Records:

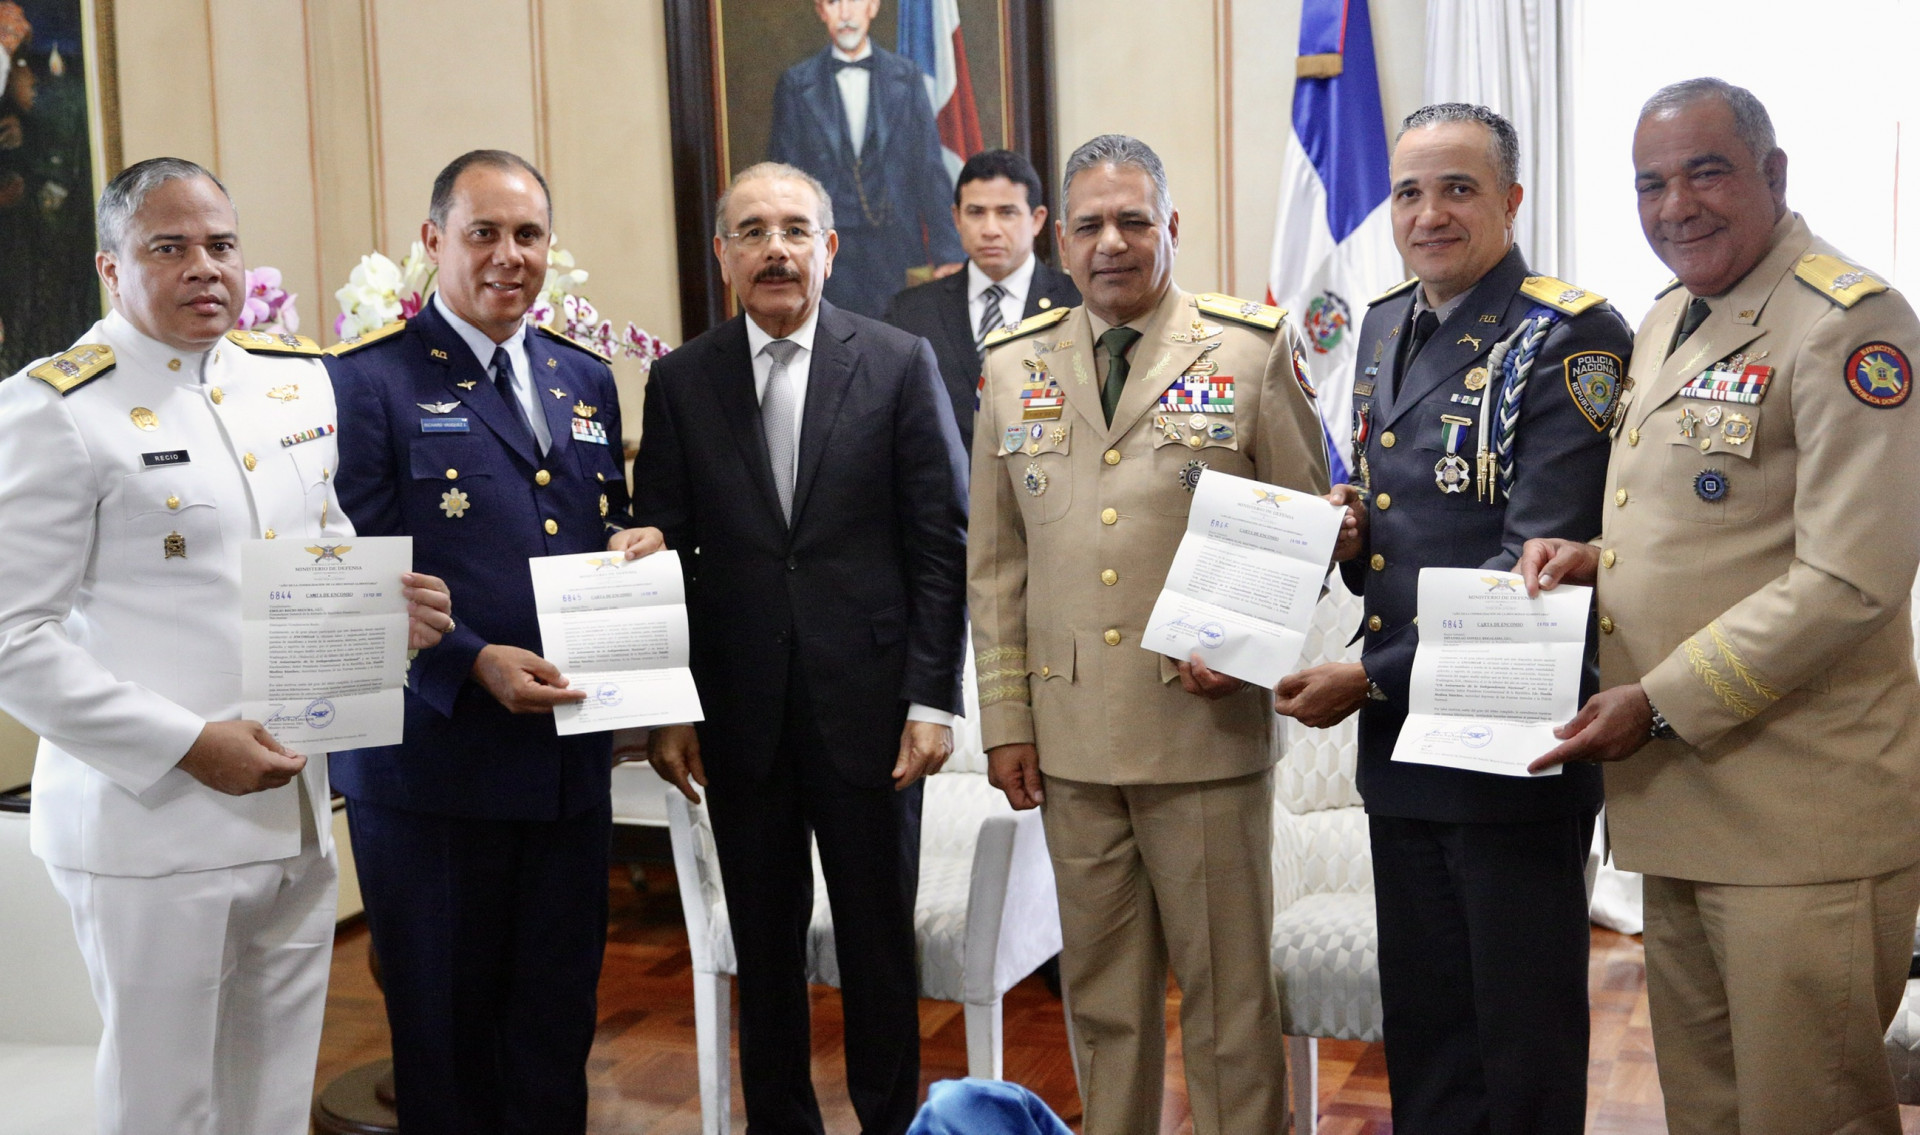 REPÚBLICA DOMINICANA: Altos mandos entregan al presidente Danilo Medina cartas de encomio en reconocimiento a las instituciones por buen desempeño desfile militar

--

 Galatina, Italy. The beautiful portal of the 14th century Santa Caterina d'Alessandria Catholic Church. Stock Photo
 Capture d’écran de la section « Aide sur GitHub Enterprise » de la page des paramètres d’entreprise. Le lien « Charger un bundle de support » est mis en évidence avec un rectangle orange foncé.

Task instructions: From the records above, transcribe without alteration every line from the one with "Galatina, Italy. The" to the one with "Capture d’écran de", inclusive.

Output for this exercise:
 Galatina, Italy. The beautiful portal of the 14th century Santa Caterina d'Alessandria Catholic Church. Stock Photo
 Capture d’écran de la section « Aide sur GitHub Enterprise » de la page des paramètres d’entreprise. Le lien « Charger un bundle de support » est mis en évidence avec un rectangle orange foncé.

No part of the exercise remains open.